I still miss my ex boyfriend. We broke up nearly 3 years ago and he moved to another city an hour and a half away, but we still talk. He calls me, and sometimes I call him. Usually, it’s when I stop calling him, that he starts calling more frequently. Neither of us has had a real relationship in the 3 years since the awful break up. Two weeks ago he came through town, I saw him, and we were intimate. I know there are still a ton of feelings there for both of us. Will we ever get back together? We went through a lot, our road was long, windy and bumpy, but my love for him is still as strong as it ever was and I feel he was my first true love. What can I do? Sometimes I miss him so much I feel I can’t bear it. To make things even more frustrating, I’m 41 years old. I would like to start a family, but I know time is running out for me. Can you help me?
– Missing J. by the beach
Dear Missing J. by the beach,
The bond you share with your ex comes through very strong, from both sides. I see him as continuing to be a part of your life.

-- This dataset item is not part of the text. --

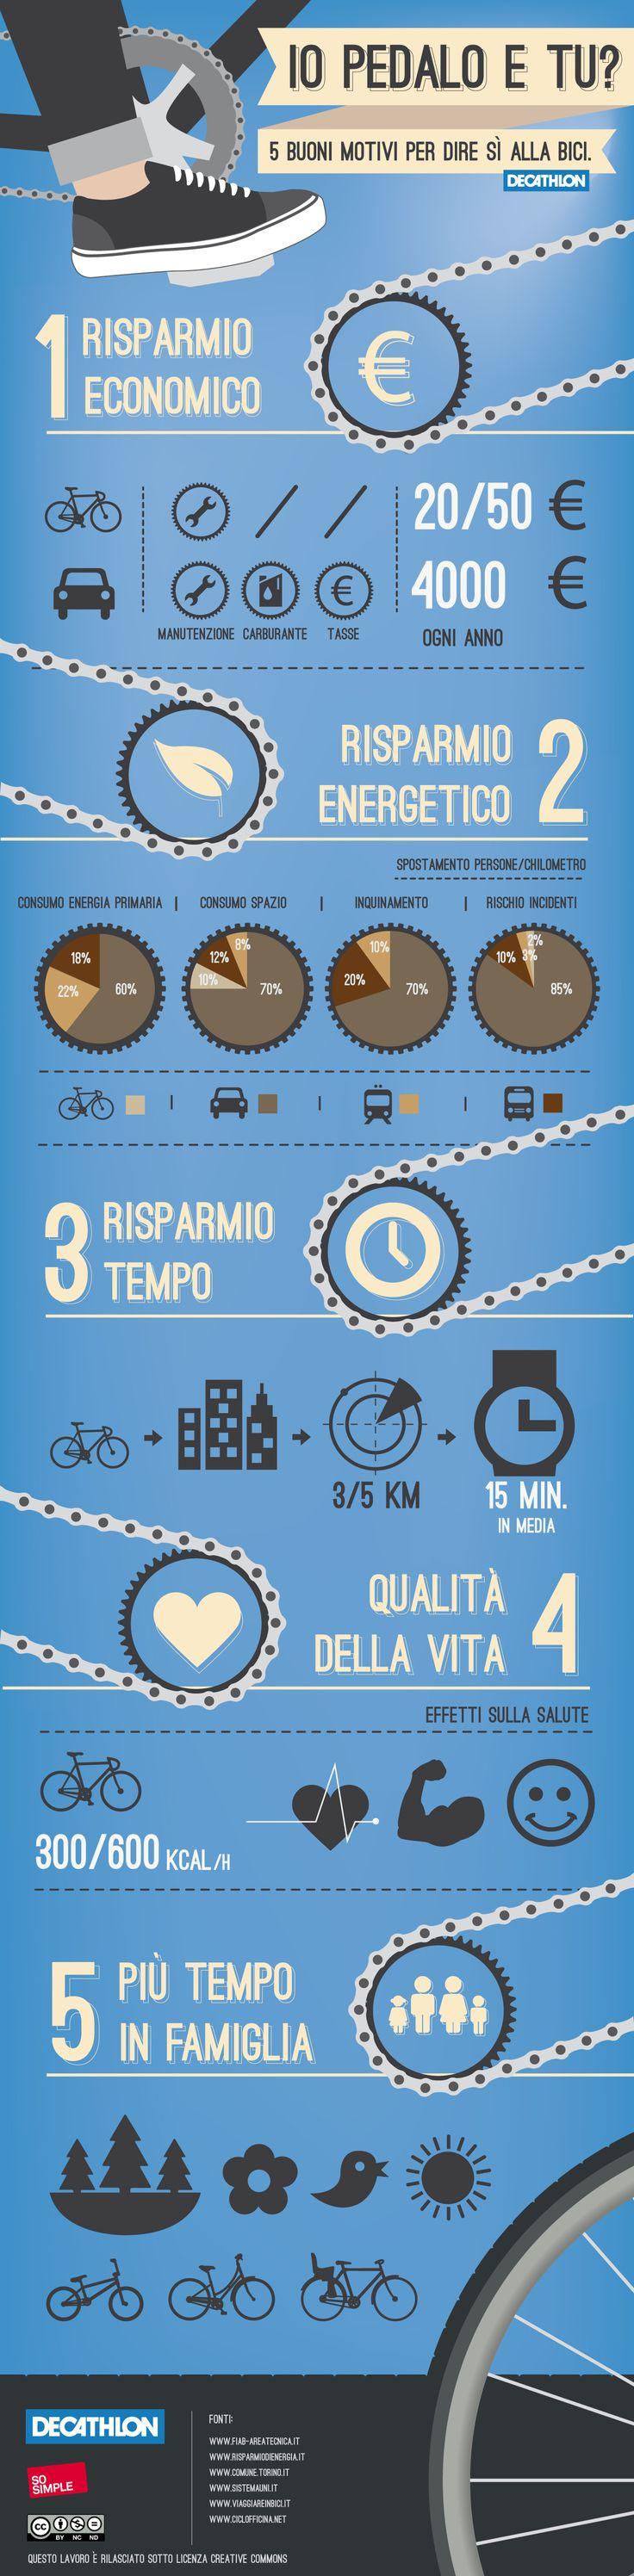 447 best 45th_2ndpj_F infographic images on Pinterest | Motion ...

The shared history is one of the elements that allows the two of you to have the up-and-down relationship you currently share, and presents as a pretty decent foundation to build from for the future.

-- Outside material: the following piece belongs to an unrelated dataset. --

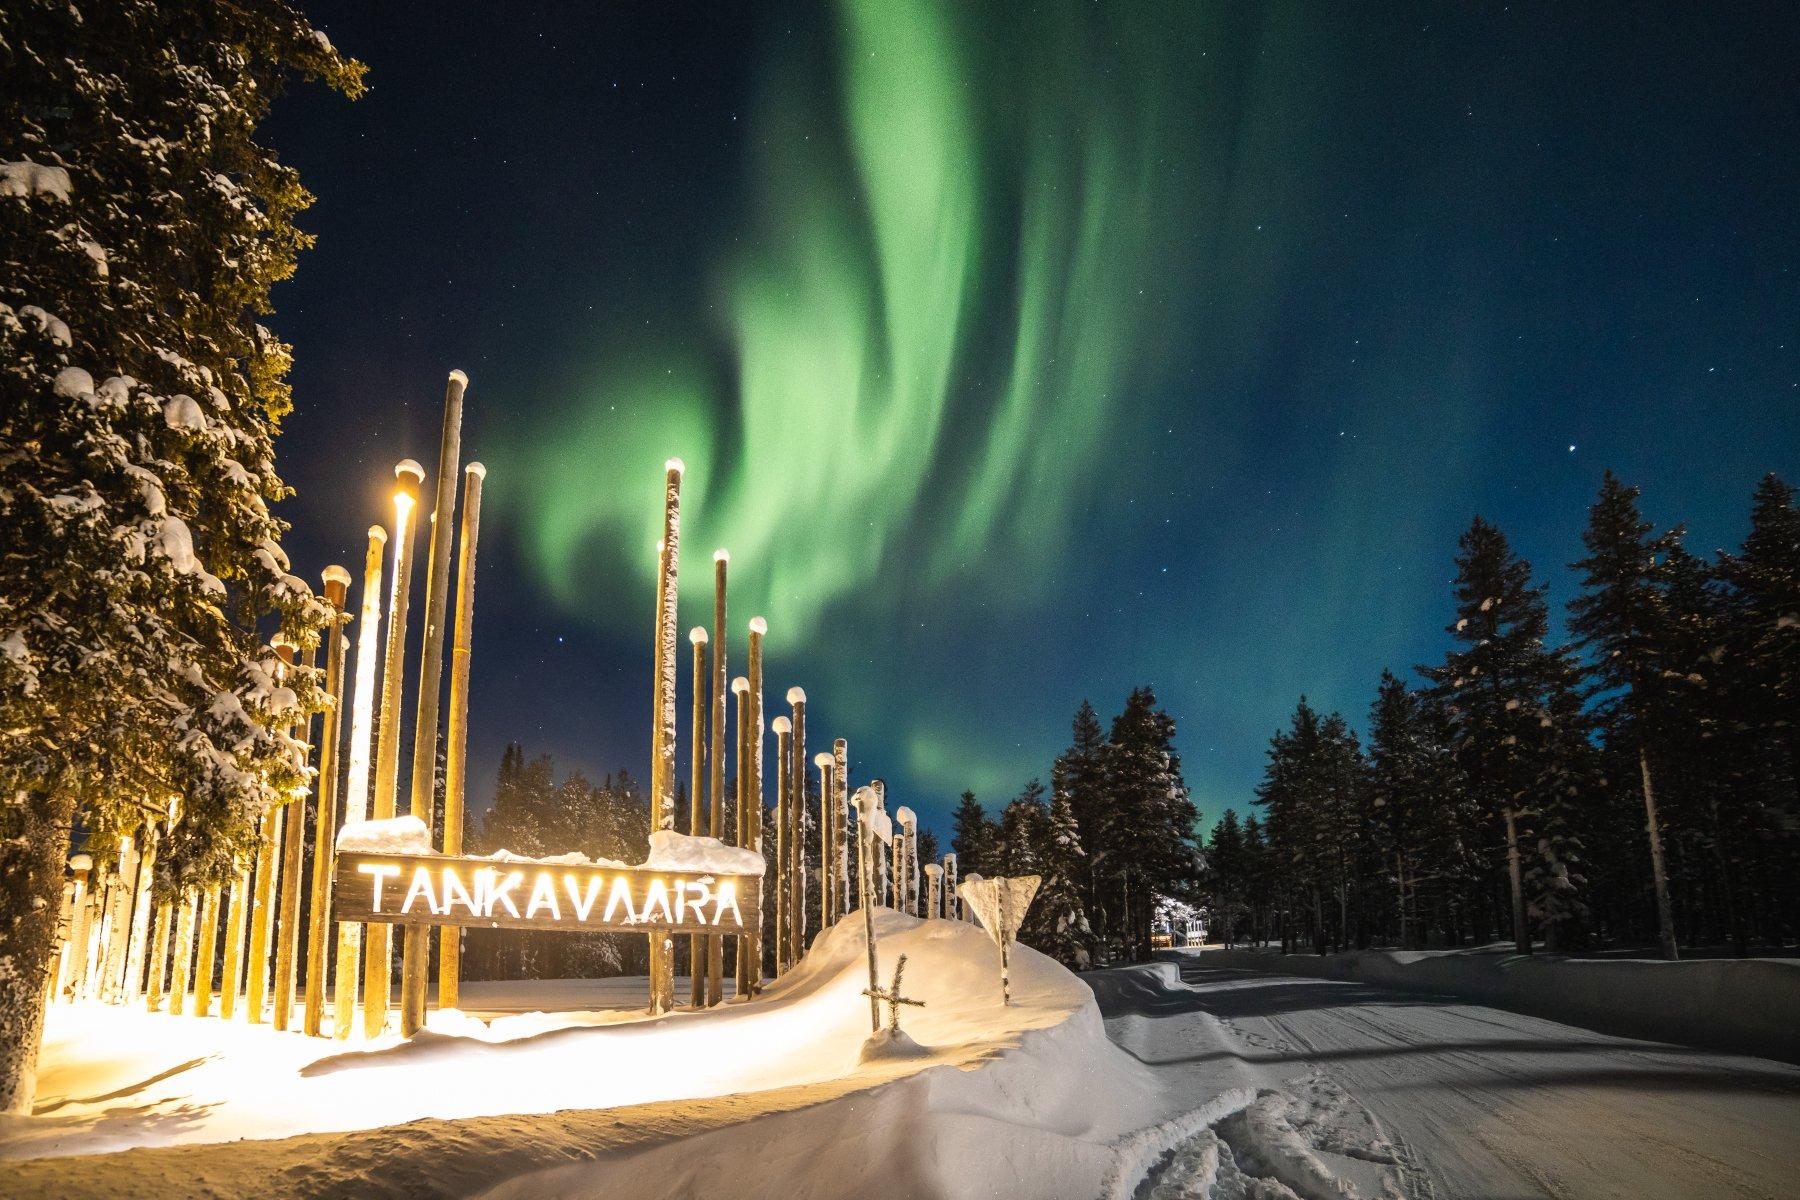 Kuva: Heikki Sulander

I don’t want to mislead you into thinking that the two of you can “pick up where you left off”, but there is a very real opportunity to establish a more solid and romantic relationship.

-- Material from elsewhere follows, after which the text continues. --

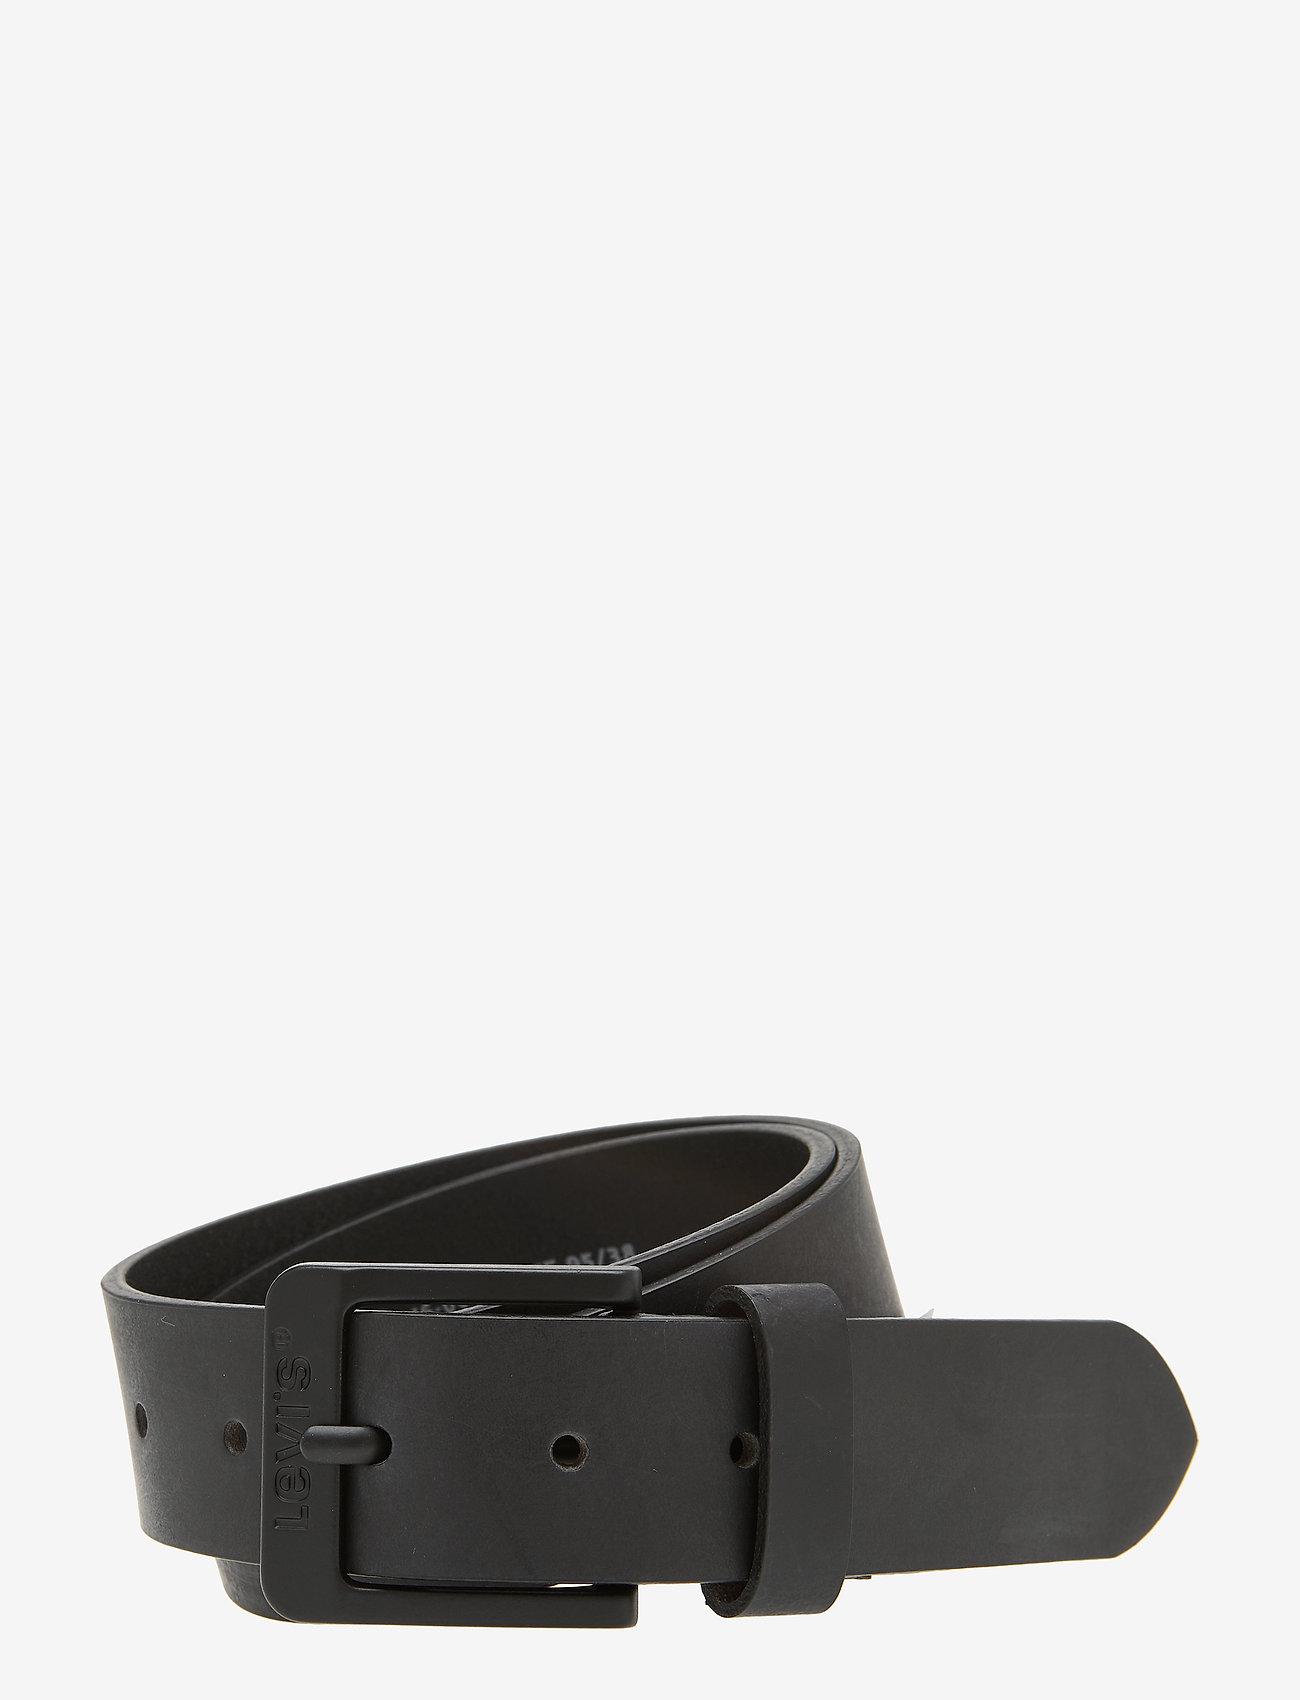 Levi's Footwear & Acc - FREE METAL - bælter - regular black - 0

There is still a lot of passion between the two of you, and it is a beautiful thing, but it is only an aspect of the relationship. For the two of you to successfully come back together, you need to lead with your head as well as your heart this time around. Each of you still hold old hurts from your time together, and these issues need to be gently addressed. In order to fully come together, the lines of communication need to be kept open and honest.
I understand that you wish to start a family and feel the pressure of time, but you cannot allow this to dictate this relationship, if this is the man you want to share your life with. Too much emphasis on timelines or formalizing “getting back together” will be more destructive than constructive. Even though his feelings for you are still very strong, he holds a lot of fear, and is not one who can be pushed or rushed.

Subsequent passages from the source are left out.